A la vue de ce spectacle, on comprend que se précipitent au portillon les quadras (hé, hé, Manolo !) et les quinquas du Parti socialiste, pour « en un mot, revitaliser la démocratie française », bien entendu à leur manière.

Terra Nova recommande, en France, de « créer un parti de masse ouvert », en « diminuant le montant des cotisations d’adhésion et en simplifiant les adhésions en ligne ». Puis l’introduction d’un système de primaire ouverte (hé, hé, M.Montebourg !) aux sympathisants, avec une simple déclaration et le paiement d’un euro symbolique. « Abandonner le tractage », « limiter les grands meetings », « axer le militantisme sur le porte-à-porte de proximité » : en bref, l’illusion du local (la « proximité ») sous le contrôle pyramidal de sages experts investissant dans une « épine dorsale numérique ». Les grandes cibles seraient « les électeurs sporadiques et flottants ». Tant pis pour les vieux militants, vive les nouveaux arrivants « démarchés » (c’est le mot de Terra Nova) en fonction de leur « sensibilité ». Bref, coco, c’est ça être « moderne », avec la « professionnalisation des équipes », une « préparation en amont », avec une cellule ad-hoc (autant pour la « participation ») pourvue d’un « fichier national de listes électorales ».
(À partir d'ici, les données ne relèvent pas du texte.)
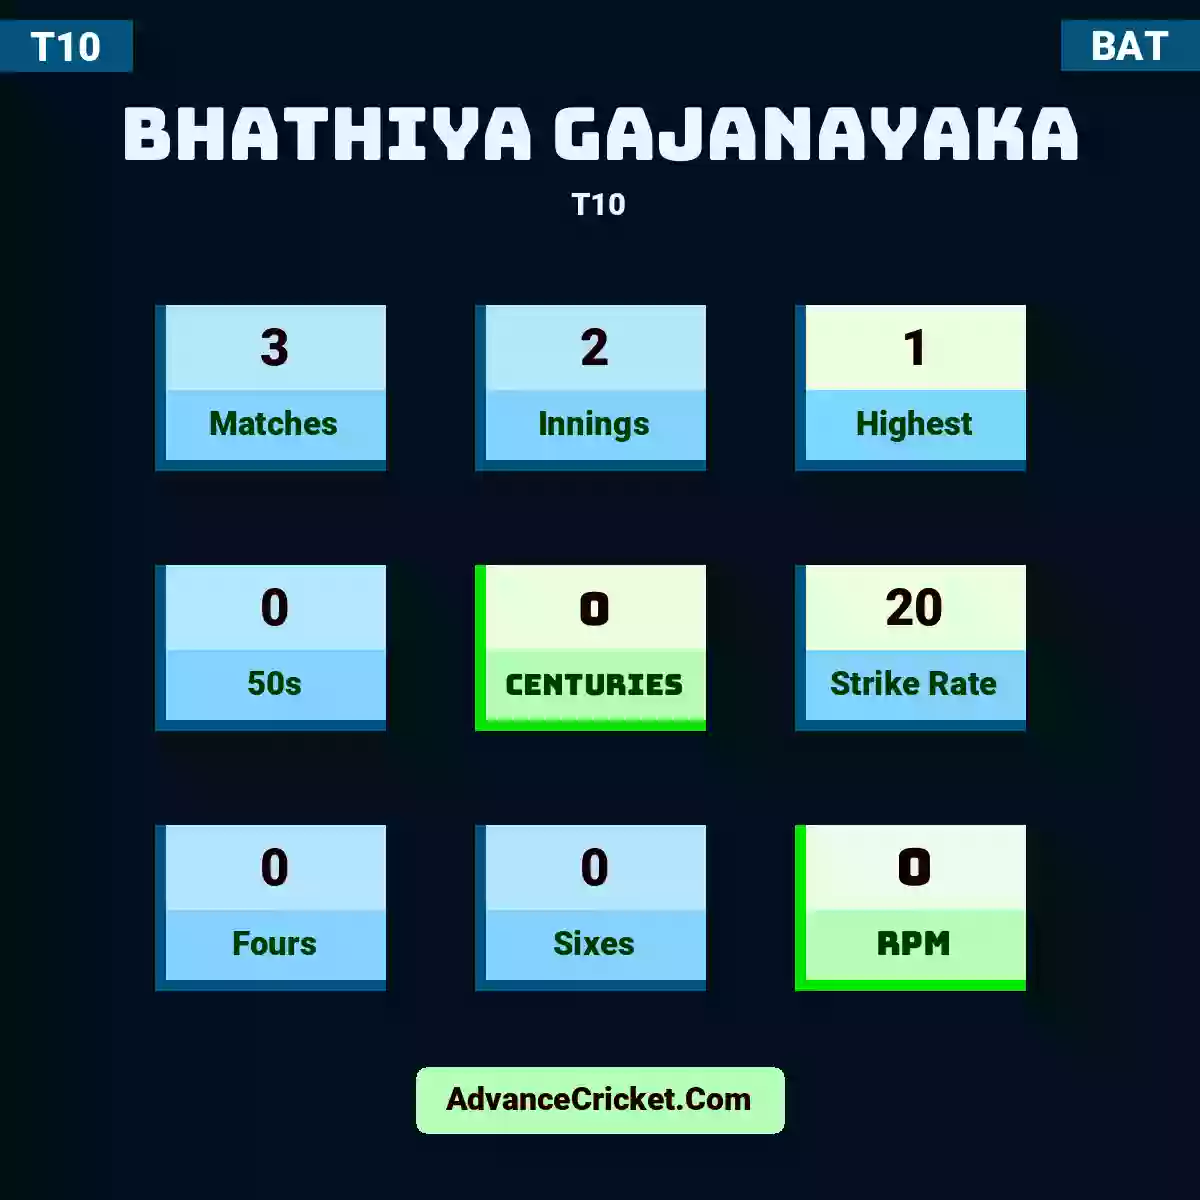 Bhathiya Gajanayaka T10 , Bhathiya Gajanayaka played 3 matches, scored 1 runs as highest, 0 half-centuries, and 0 centuries, with a strike rate of 20. B.Gajanayaka hit 0 fours and 0 sixes, with an RPM of 0.

Pas de surprise : tout le terrain doit être ainsi contrôlé en entretenant l’illusion de la libre-entreprise à la base. Alors, Terra Nova intervient pour écarter d’un revers de main les impudents qui ont osé briser la règle du jeu (l’omerta ?) lors des présidentielles : Gérard Schivardi (0,34% des suffrages en 2007) ou Jacques Cheminade (0,28% en 1995). Chassez-moi ces pelés, ces tondus, ces galeux qui ne représentent rien (ah bon, pourrait-on se demander, alors pourquoi mettre tant d’acharnement à les chasser ?) et tout ira pour le mieux dans la meilleure des « qualités du débat démocratique ».

On croit rêver. On en rêve pas : on est dans un « think tank » du Parti socialiste, en 2009 ! Soyons clairs : c’est le socialisme fabien, réservé à une élite qui contrôle les choses et fait au besoin – à la britannique – pour ses parrains des choses que la droite ne pourrait pas faire. Obama aujourd’hui, les dirigeants socialistes en France entre 1982 et 1993 : oligarchie nous voilà.

Et puis, hypocrites comme les bons fabiens d’outre-Manche. Pour la présidentielle, l’investiture serait assurée « par les partis politiques représentatifs (soit, par exemple, ceux ayant recueilli 5% des suffrages populaires aux élections nationales précédant le scrutin) ou bien par un "parrainage populaire" consistant en la réunion d’un certain nombre de signatures d’électeurs (tel que, par exemple, un million d’électeurs, soit 2,5% de l’électorat) ». Ceux de Terra Nova ne sont bien entendu pas assez bêtes pour ignorer que c’est impossible sans une très vaste et très coûteuse machine.

Alors, comment dit-on « closed shop » en français ? Mais là, de « poll progression » en « rub structure », on a déjà perdu son latin et l’on se trouve parlé par l’anglais d’aéroport du nouvel Empire. Ne dites plus « Terra Nova » mais « New Land », pour devenir avatar dans le Grand jeu vidéo où ils voudraient que nous soyons « participatifs ».

Ici nous nous battons, car nous n’avons pas le désir de cet avenir-là.